JOINDER AGREEMENT
Exhibit 10.1
JOINDER AGREEMENT, dated as of April 6, 2011 (the “Joinder Agreement” or this “Agreement”), by and among BANK OF AMERICA, N.A. and BARCLAYS BANK PLC (each, a “New Lender” and, collectively, the “New Lenders”), THE YANKEE CANDLE COMPANY, INC., a Massachusetts corporation (the “Borrower”), YANKEE HOLDING CORP., a Delaware corporation (the “Parent”), the Subsidiary Guarantors and BANK OF AMERICA, N.A., in its capacity as administrative agent under the Credit Agreement referred to below (the “Administrative Agent”).
RECITALS:
WHEREAS, reference is hereby made to the Credit Agreement, dated as of February 6, 2007 (as amended, supplemented or otherwise modified from time to time, the “Credit Agreement”), among the Parent, Yankee Acquisition Corp., as Initial Borrower, The Yankee Candle Company, Inc., as Company or Surviving Borrower, as applicable, the several banks and other financial institutions or entities from time to time parties to the Credit Agreement as lenders, Bank of America, N.A., as successor administrative agent under the Credit Agreement pursuant to the Amendment, Waiver, Resignation and Appointment Agreement, dated as of September 28, 2009 (in such capacity, the “Administrative Agent”), Xxxxxxx Xxxxx Capital Corporation, as Syndication Agent, Sovereign Bank and Xxxxx Fargo Retail Finance, LLC, as Co-Documentation Agents and Xxxxxx Brothers Inc. and Xxxxxxx Lynch, Pierce, Xxxxxx & Xxxxx Incorporated, as Joint Lead Arrangers and Joint Bookrunners (capitalized terms used but not defined herein having the meaning provided in the Credit Agreement); and
WHEREAS, subject to the terms and conditions of the Credit Agreement, the Borrower may establish New Loan Commitments by, among other things, entering into one or more Joinder Agreements with New Lenders;
NOW, THEREFORE, in consideration of the premises and agreements, provisions and covenants herein contained, the parties hereto agree as follows:
I. Each New Lender party hereto hereby agrees to commit to provide its New Loan Commitment, as set forth on Schedule A annexed hereto, on the terms and subject to the conditions set forth below:
II. Each New Lender (i) confirms that it has received a copy of the Credit Agreement and the other Loan Documents, together with copies of the financial statements referred to therein and such other documents and information as it has deemed appropriate to make its own credit analysis, appraisals and decision to enter into this Agreement; (ii) agrees that it will, independently and without reliance upon the Administrative Agent, or any other New Lender or any other Lender and based on such documents and information as it shall deem appropriate at the time, continue to make its own analysis, appraisals and credit decisions in taking or not taking action under the Credit Agreement; (iii) appoints and authorizes the Administrative Agent to take such action as agent on its behalf and to exercise such powers under the Credit Agreement and the other Loan Documents as are delegated to the Administrative Agent, respectively, by the terms thereof, together with such powers as are reasonably incidental thereto; and (iv) agrees that it will perform in accordance with their terms all of the obligations which by the terms of the Credit Agreement are required to be performed by it as a New Lender.

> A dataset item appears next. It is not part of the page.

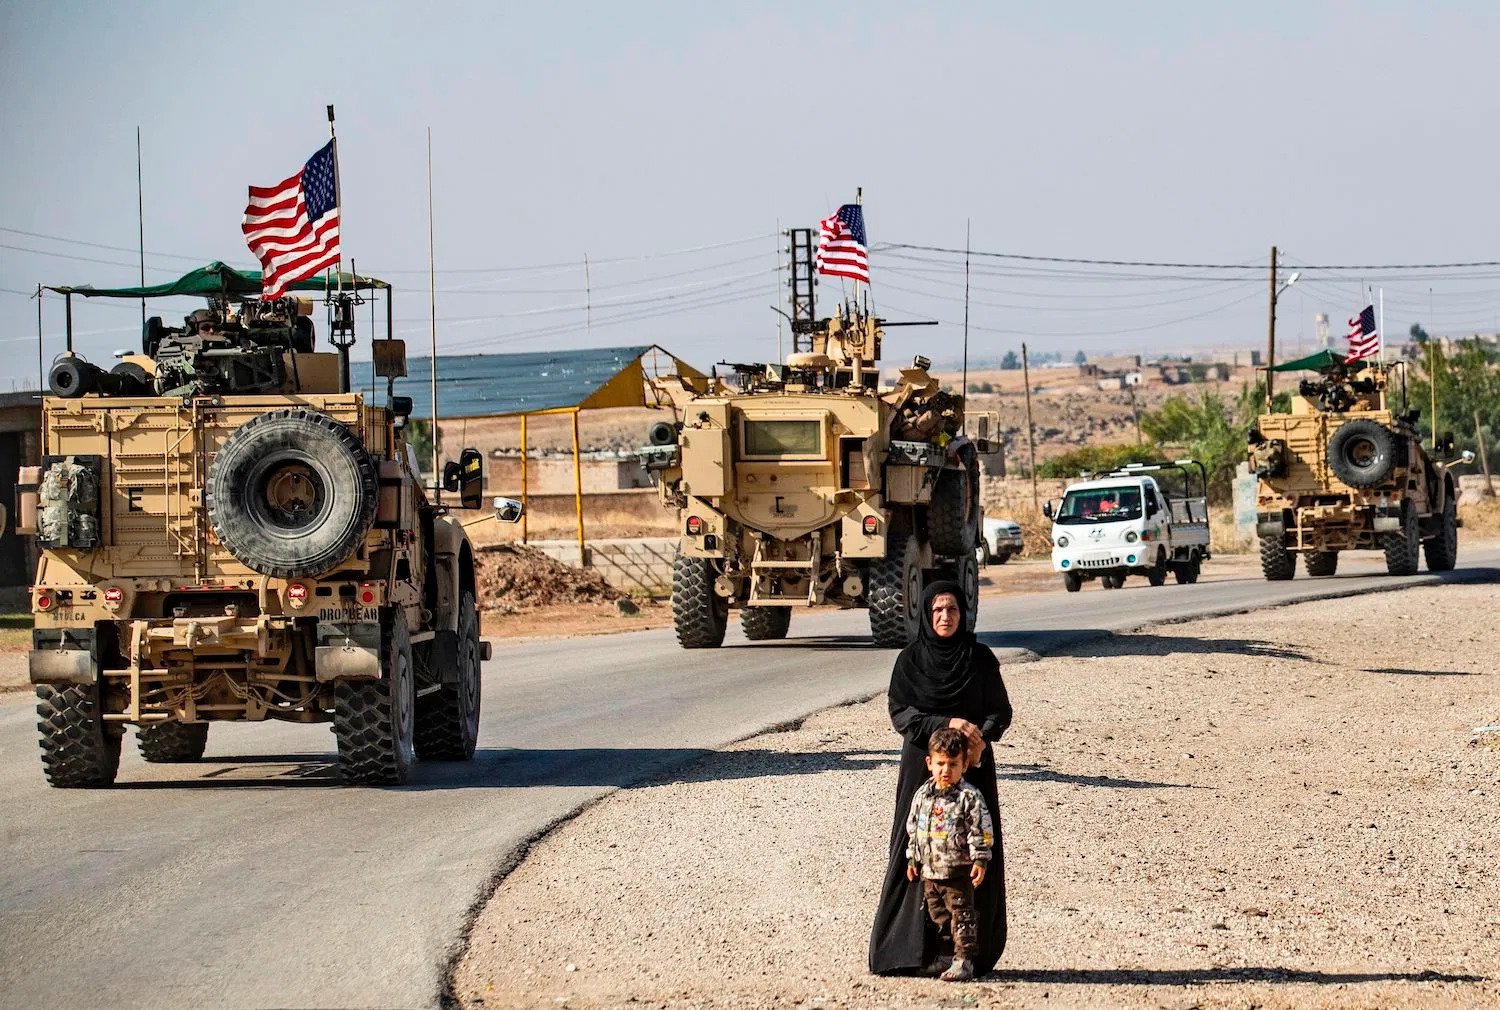 Τουρκικά δημοσιεύματα: Οι ΗΠΑ εφαρμόζουν το “βρώμικό” σχέδιό τους στην Συρία

III. Each New Lender hereby agrees to make its respective Commitment on the following terms and conditions:
1. Terms of New Loan Commitments. Each of the New Lenders and the Borrower hereby agrees that the New Loan Commitments made pursuant to this Joinder Agreement will be Revolving Commitments and any New Lender pursuant to this Joinder Agreement will be a Revolving Lender, in each case for any and all purposes under the Credit Agreement and such New Loan Commitments and related Revolving Loans shall have the same terms as Revolving Commitments and Revolving Loans existing immediately prior to the effectiveness of this Joinder Agreement and shall be part of the same tranche and class as the existing Revolving Commitments and Revolving Loans, including for purposes of Borrowings and repayments, and shall rank pari passu in right of payment and right of security in respect of the Collateral with the existing Revolving Loans. For the avoidance of doubt, the definition of “Revolving Commitments” in the Credit Agreement shall include the New Loan Commitments made pursuant to this Joinder Agreement.

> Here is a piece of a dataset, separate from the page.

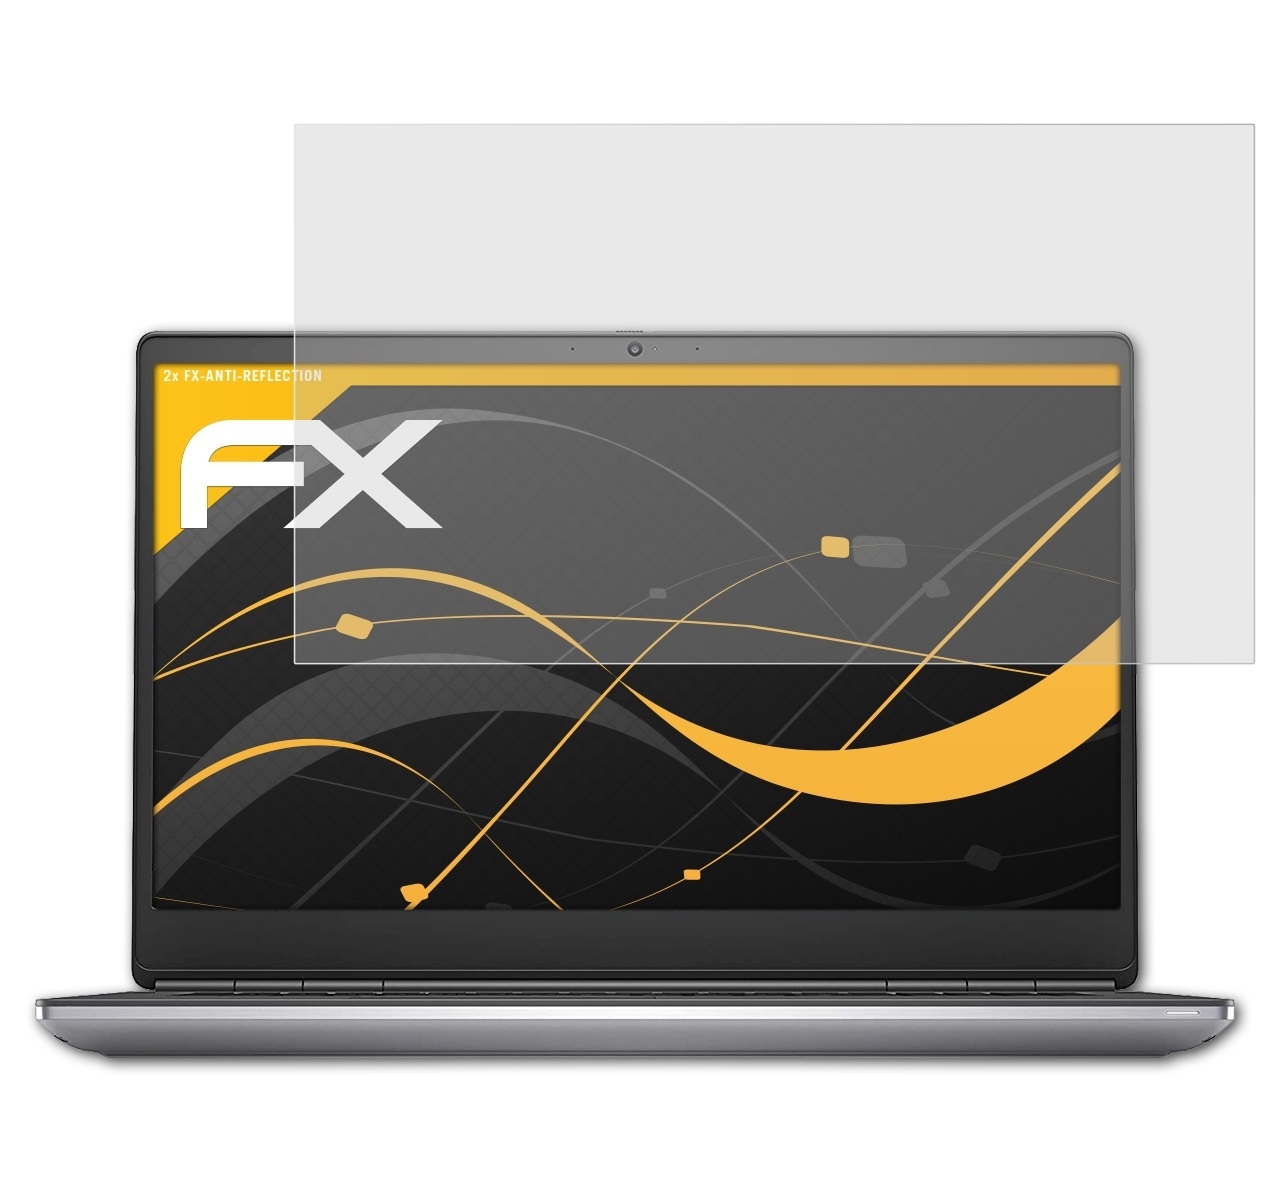 ATFOLIX 2x FX-Antireflex Precision Dell Displayschutz(für 7750)

2. New Lenders. Each New Lender acknowledges and agrees that upon its execution of this Agreement and the making of New Revolving Loans, such New Lender shall become a “Lender” under, and for all purposes of, the Credit Agreement, and the other Loan Documents, and shall be subject to and bound by the terms thereof, and shall perform all the obligations of and shall have all rights of a Lender thereunder.
3. Credit Agreement Governs. The New Revolving Loans shall be subject to the provisions of the Credit Agreement and the other Loan Documents.
4. The Parent’s Certifications. By its execution of this Agreement, the undersigned officer, to the best of his or her knowledge, and the Parent hereby certify that:
i. The representations and warranties in or pursuant to the Loan Documents are true and correct in all material respects on and as of the Increased Amount Date (as defined below) to the same extent as though made on and as of the Increased Amount Date, except to the extent such representations and warranties expressly relate to an earlier date, in which case such representations and warranties were true and correct in all material respects on and as of such earlier date; and
ii. No Default or Event of Default has occurred and is continuing as of the Increased Amount Date and the Parent is in pro forma compliance with Section 7.1 of the Credit Agreement on such Increased Amount Date before or after giving effect to such New Loan Commitments and to the making of any Tranche of New Loans pursuant thereto.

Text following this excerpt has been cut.